The entries below contain pictures. Write out only the lines from the line with "Universidade Comunitária Regional" up to and including the line with "Крафт-конверт с воздушно-пузырьковой", exactly, without them.

═══ Information ═══

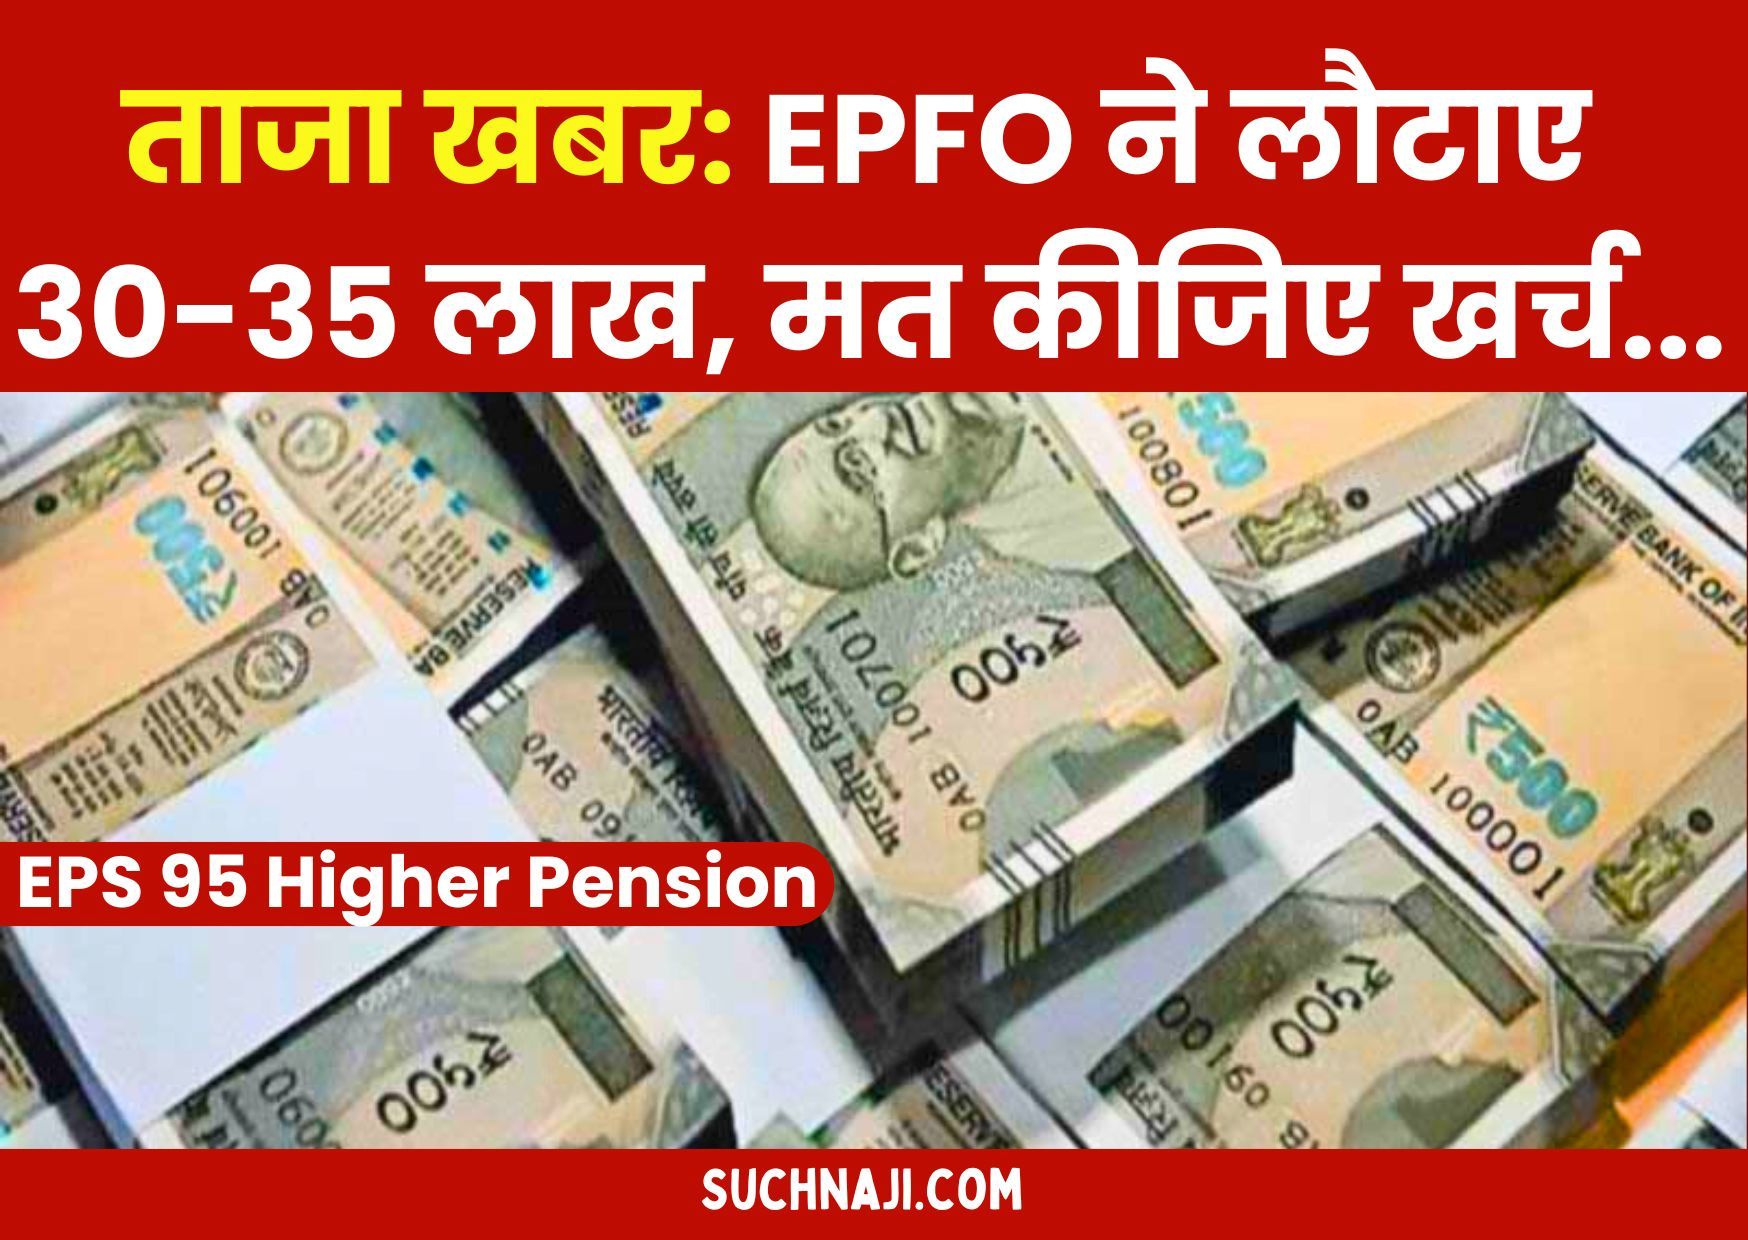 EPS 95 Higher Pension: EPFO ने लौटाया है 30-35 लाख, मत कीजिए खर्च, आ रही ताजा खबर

═══
═══ Information ═══

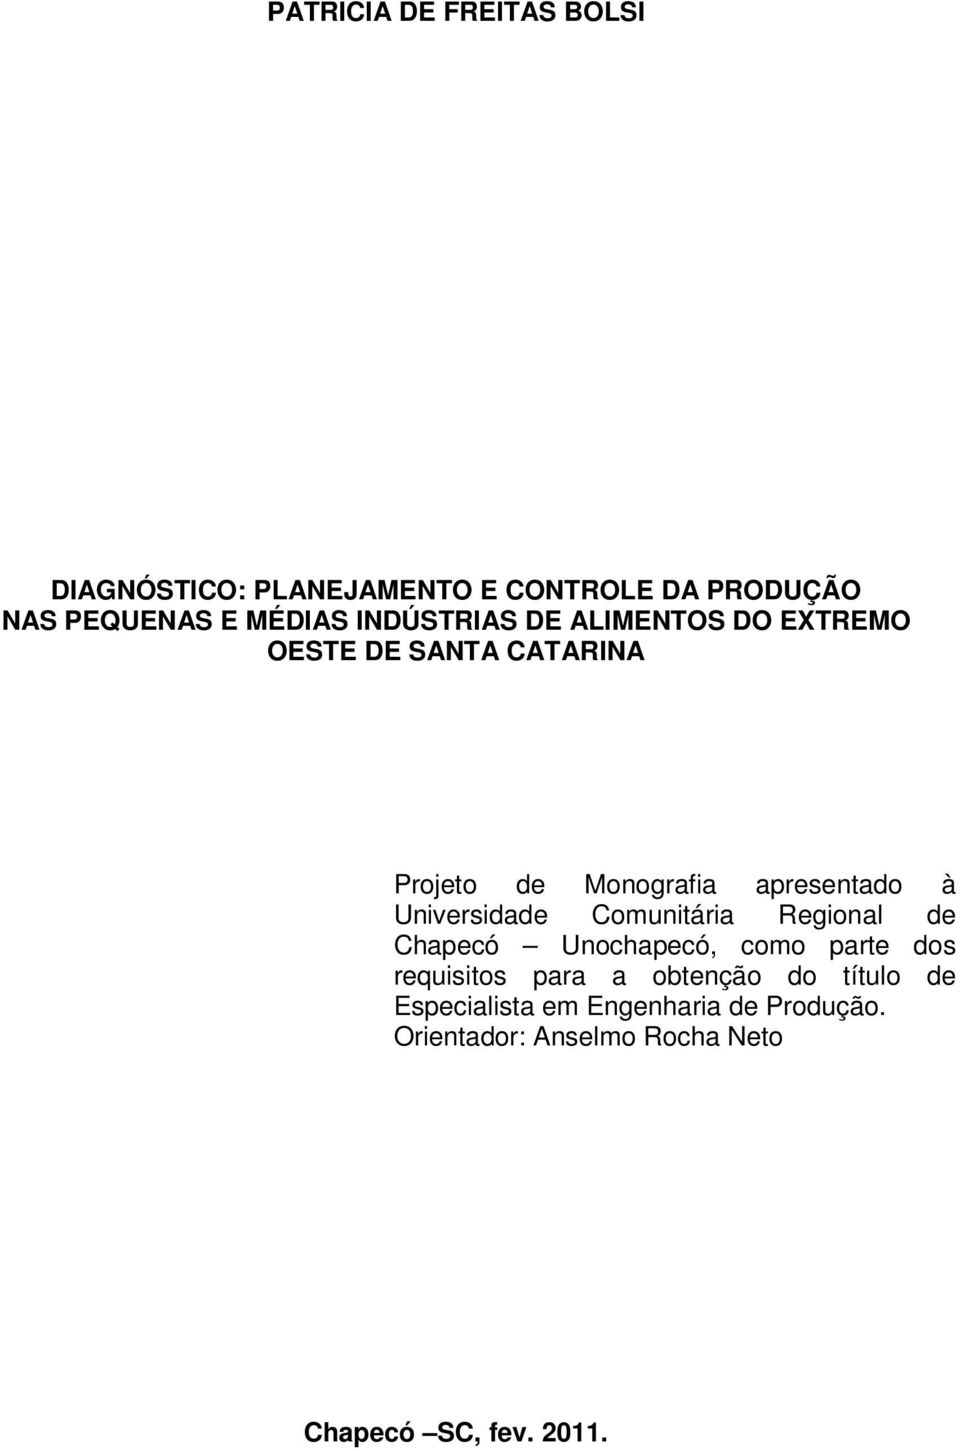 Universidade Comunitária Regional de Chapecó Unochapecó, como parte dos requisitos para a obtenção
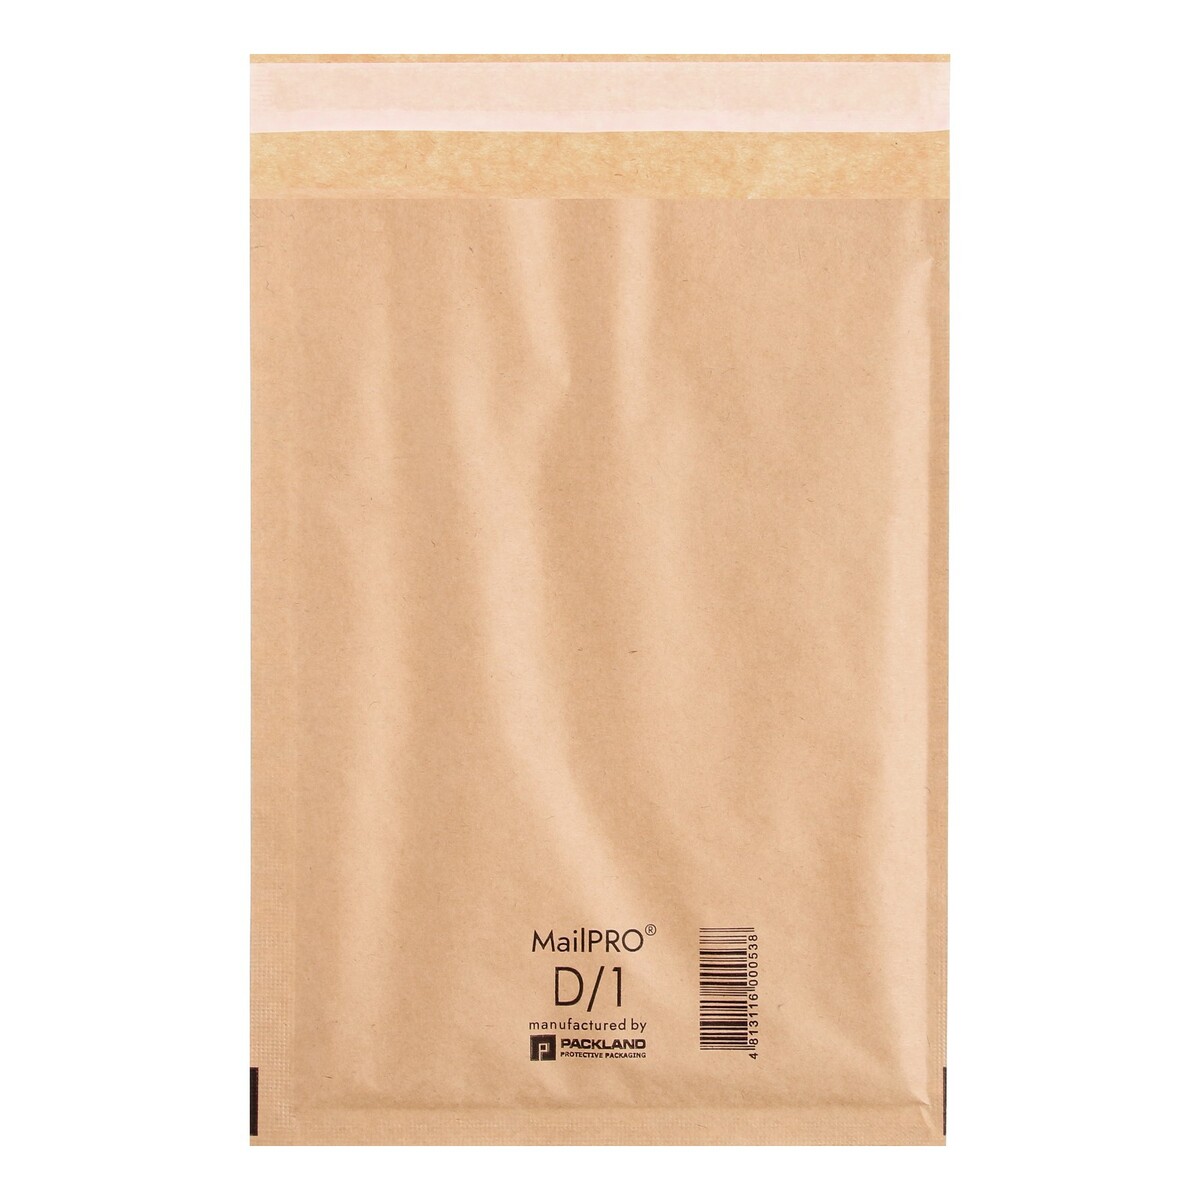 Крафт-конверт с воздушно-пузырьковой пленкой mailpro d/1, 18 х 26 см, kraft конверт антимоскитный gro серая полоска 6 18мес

═══

Result of this exercise:
 Universidade Comunitária Regional de Chapecó Unochapecó, como parte dos requisitos para a obtenção
 Крафт-конверт с воздушно-пузырьковой пленкой mailpro d/1, 18 х 26 см, kraft конверт антимоскитный gro серая полоска 6 18мес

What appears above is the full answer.